=== Exercise objective ===
Restate each of the lines below word for word and drop every picture.

=== Data section ===
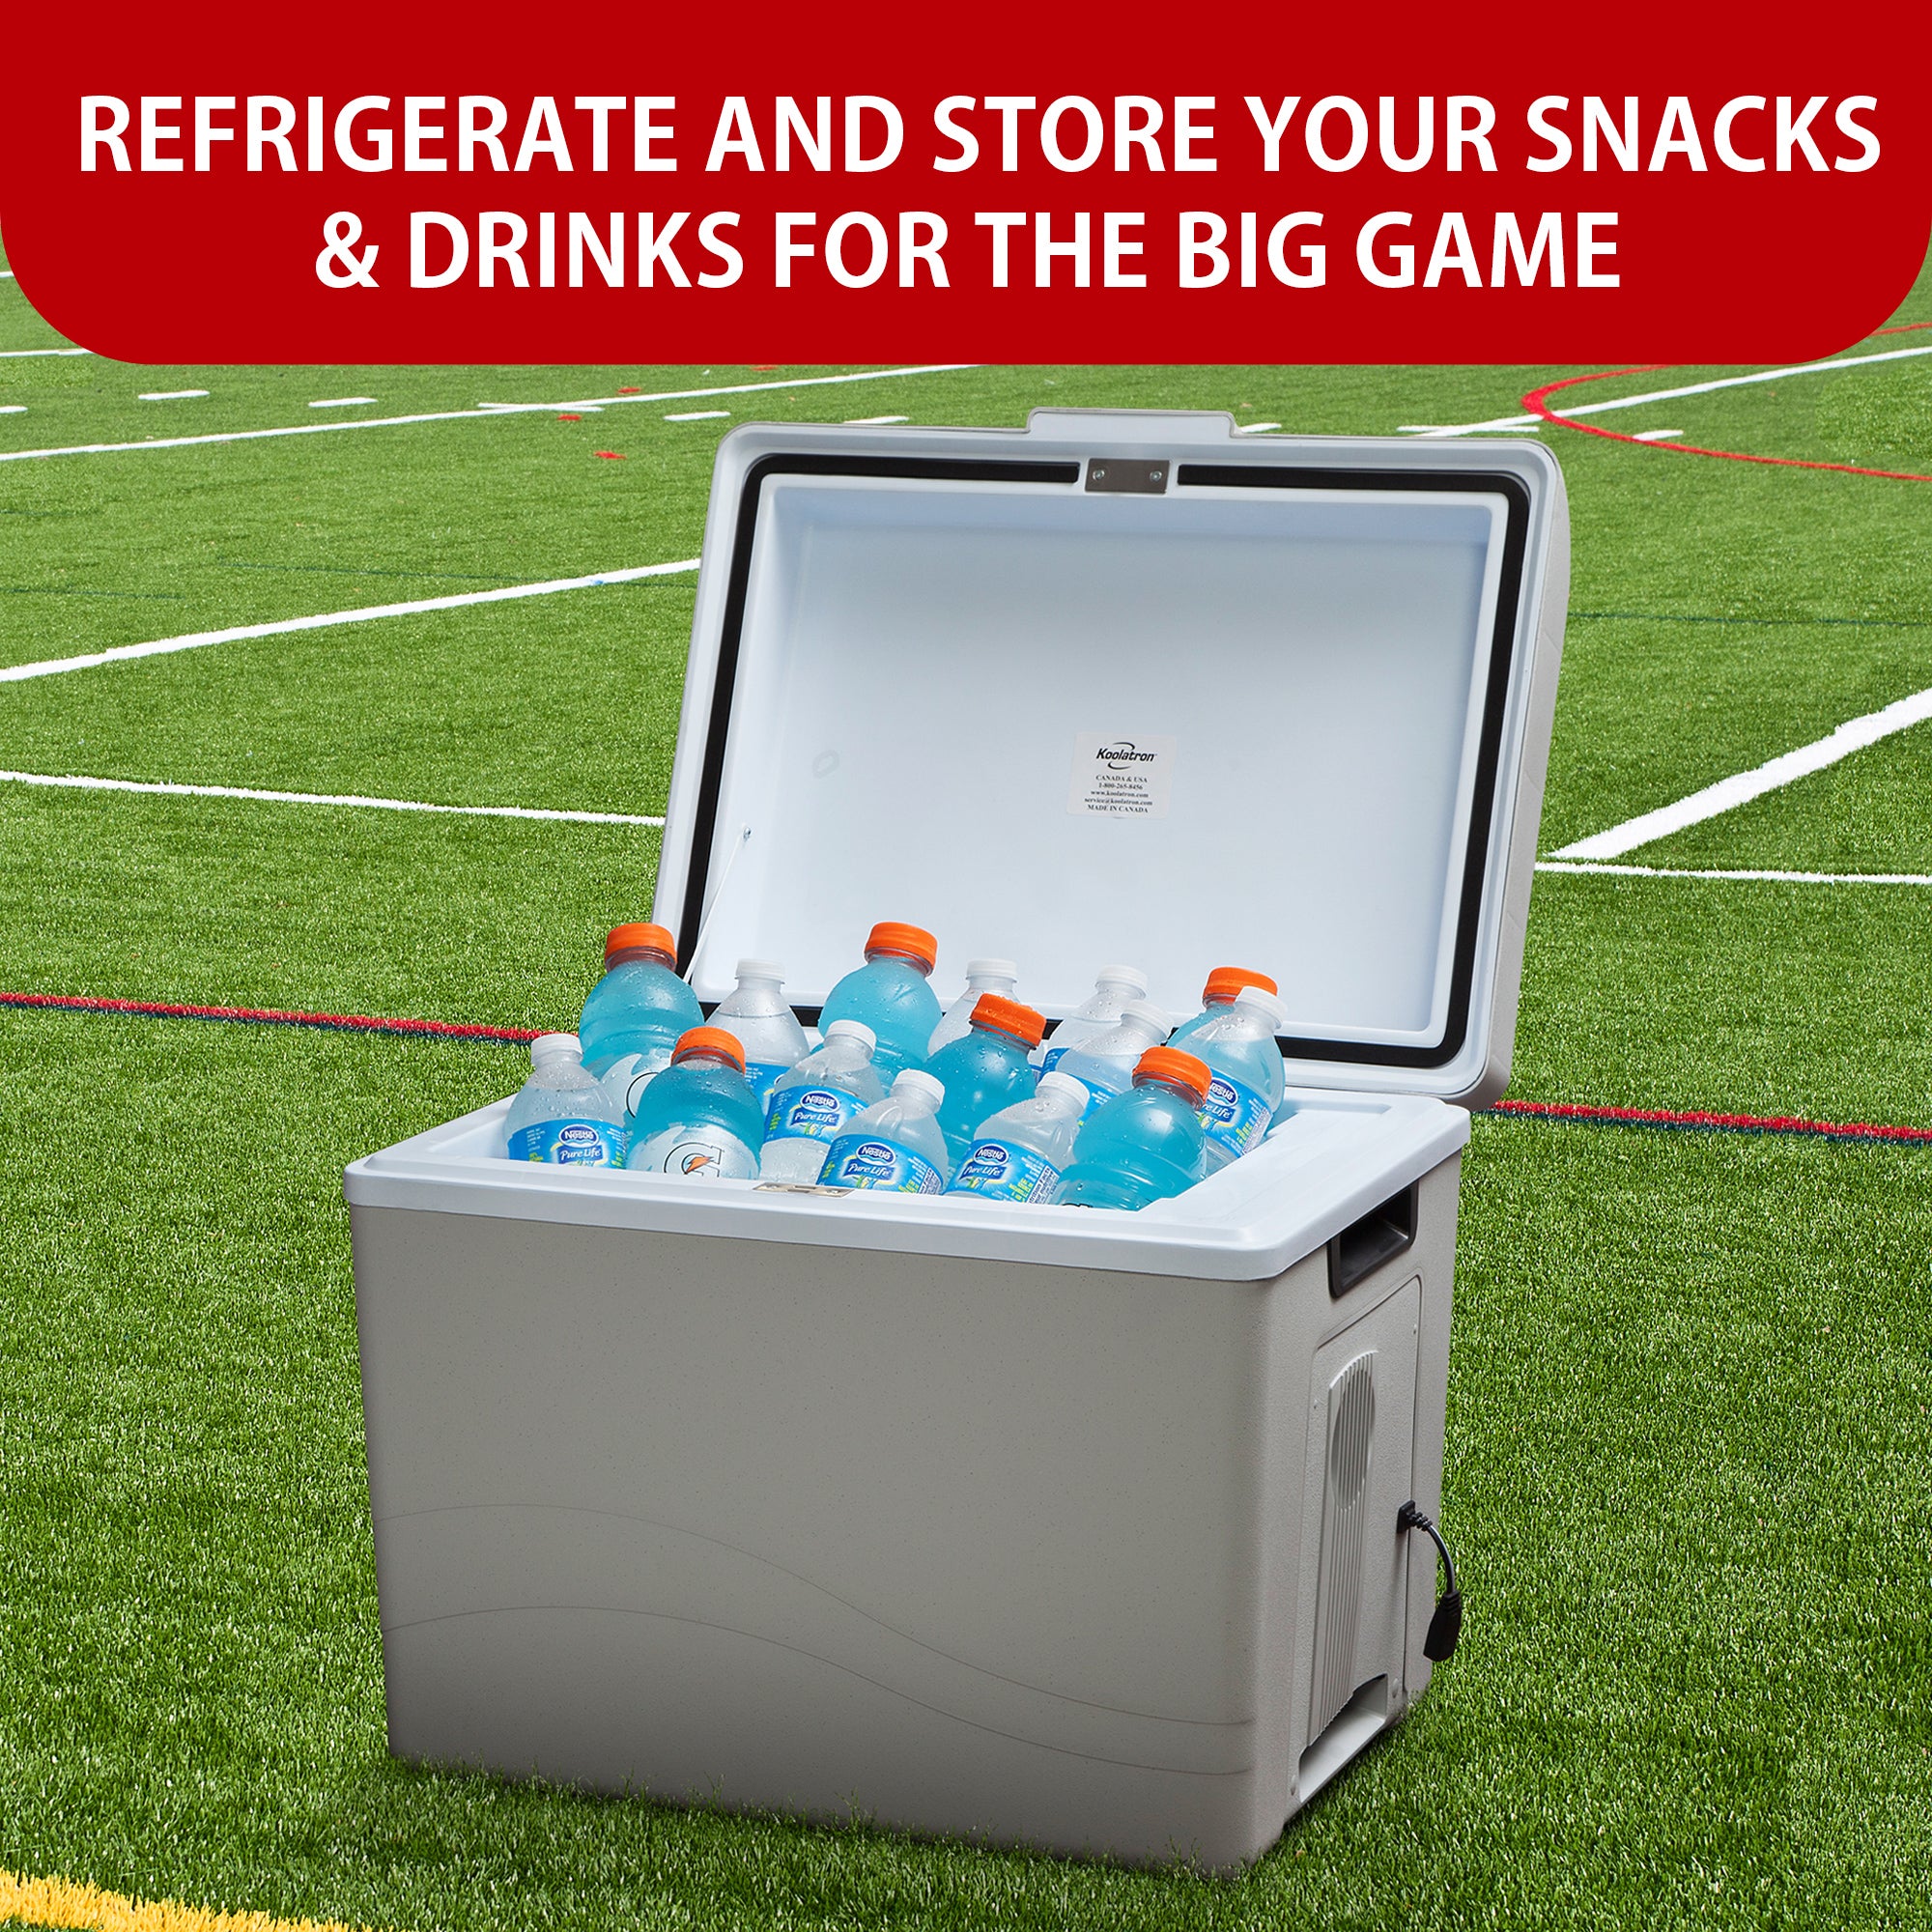 Koolatron portable 12V cooler/warmer open and filled with water bottles and sports drinks on a grass sports field. Text above reads, "REFRIGERATE AND STORE YOUR SNACKS AND DRINKS FOR THE BIG GAME"
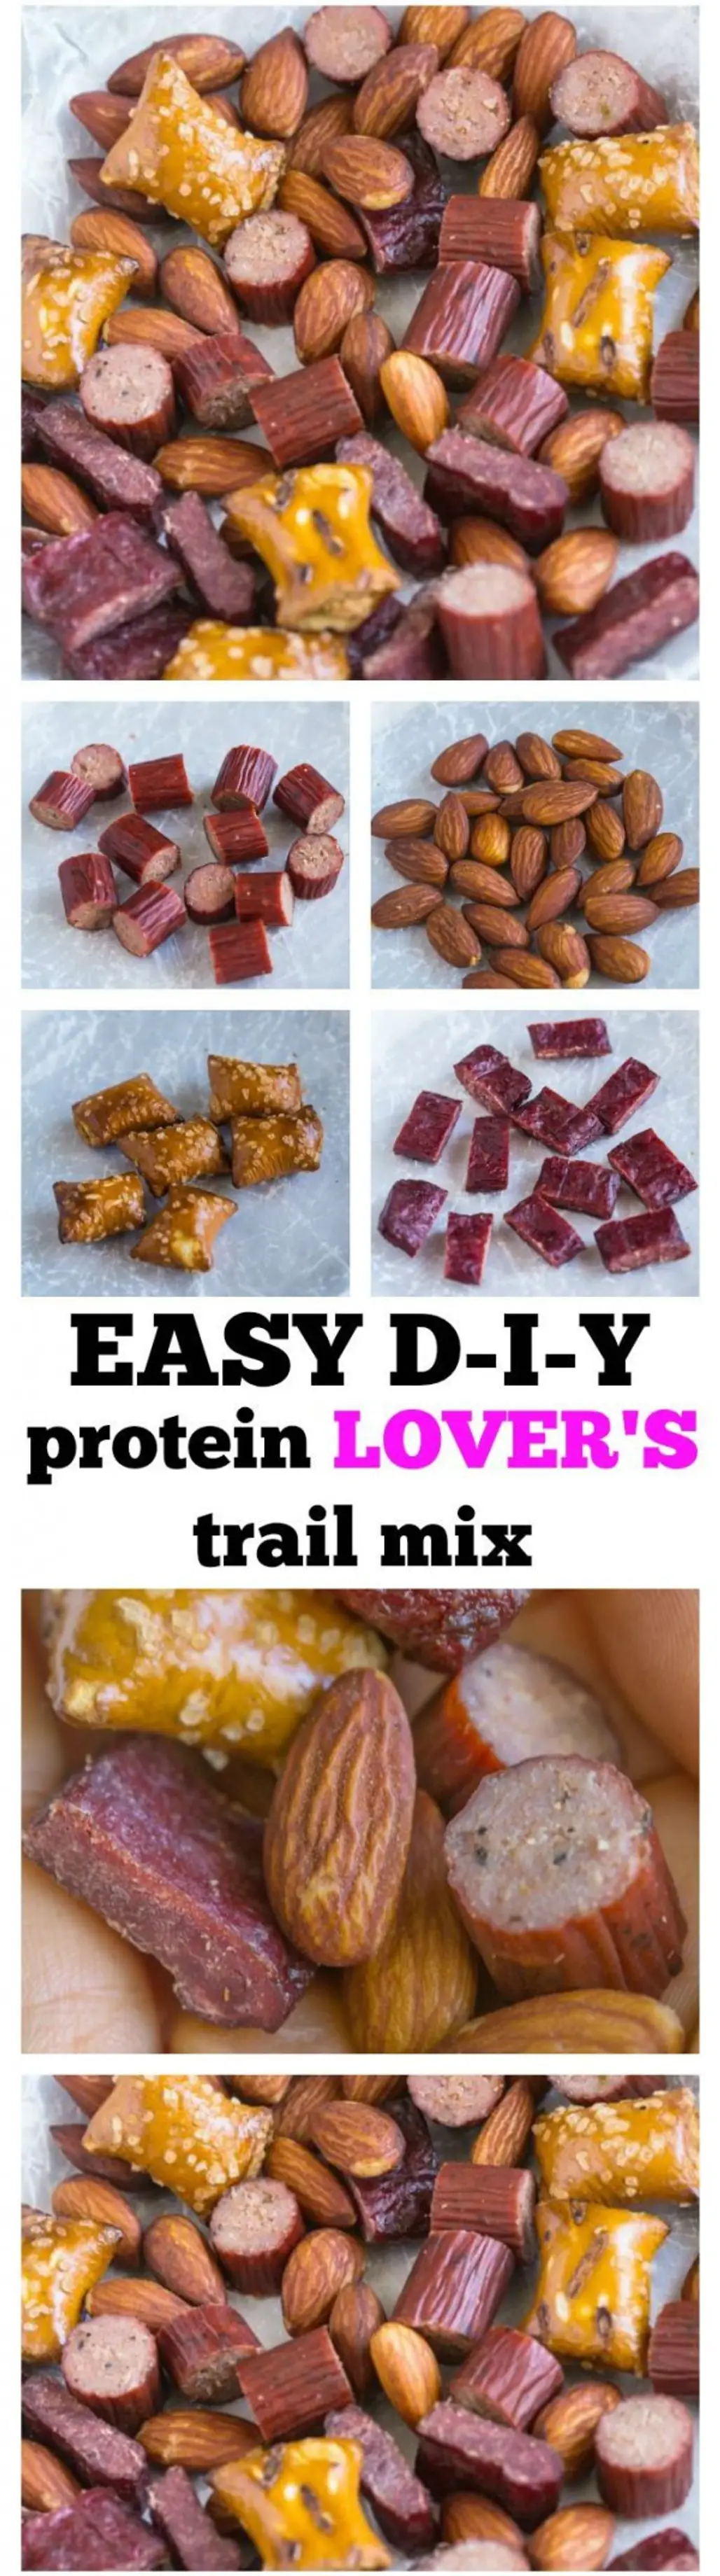 Protein Lover's Trail Mix
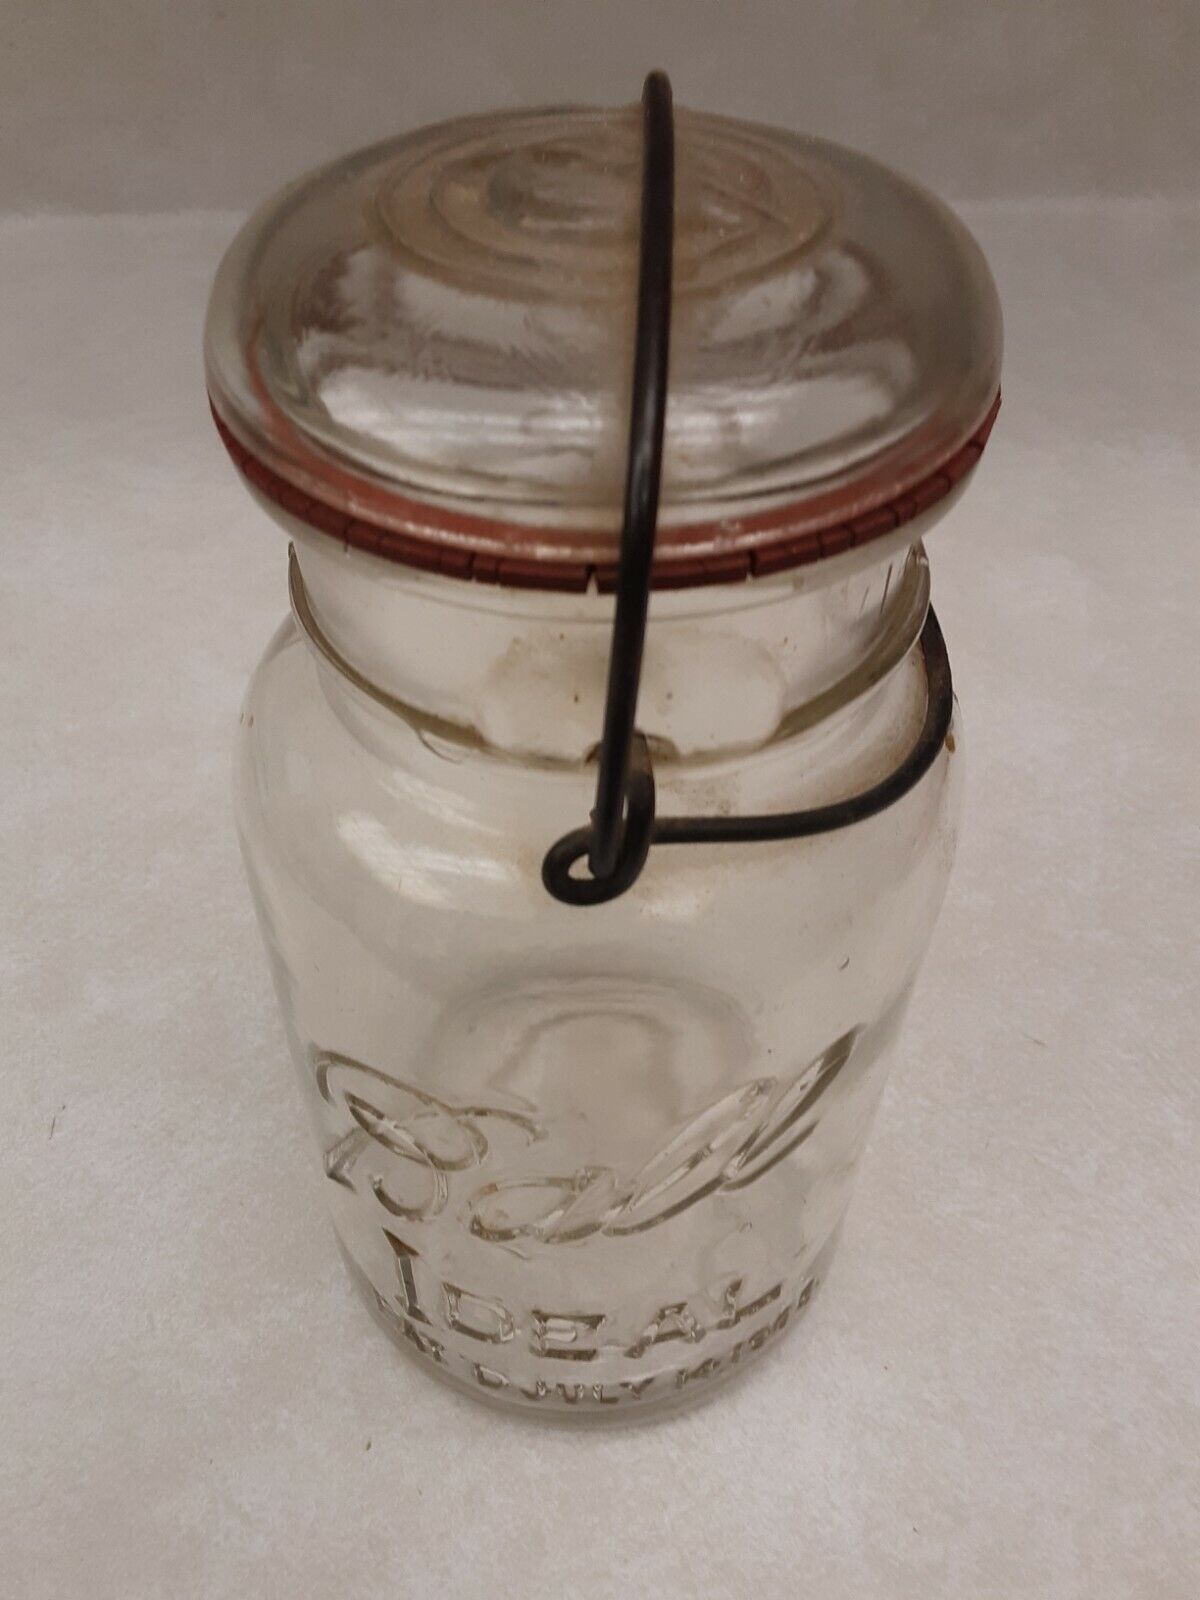 Ball Ideal Vintage Jar Patented July 14 1908 Clear Glass Quart Wire Hold Down

=== Response for this exercise ===
 Koolatron portable 12V cooler/warmer open and filled with water bottles and sports drinks on a grass sports field. Text above reads, "REFRIGERATE AND STORE YOUR SNACKS AND DRINKS FOR THE BIG GAME"
 Protein Lover's Trail Mix
 Ball Ideal Vintage Jar Patented July 14 1908 Clear Glass Quart Wire Hold Down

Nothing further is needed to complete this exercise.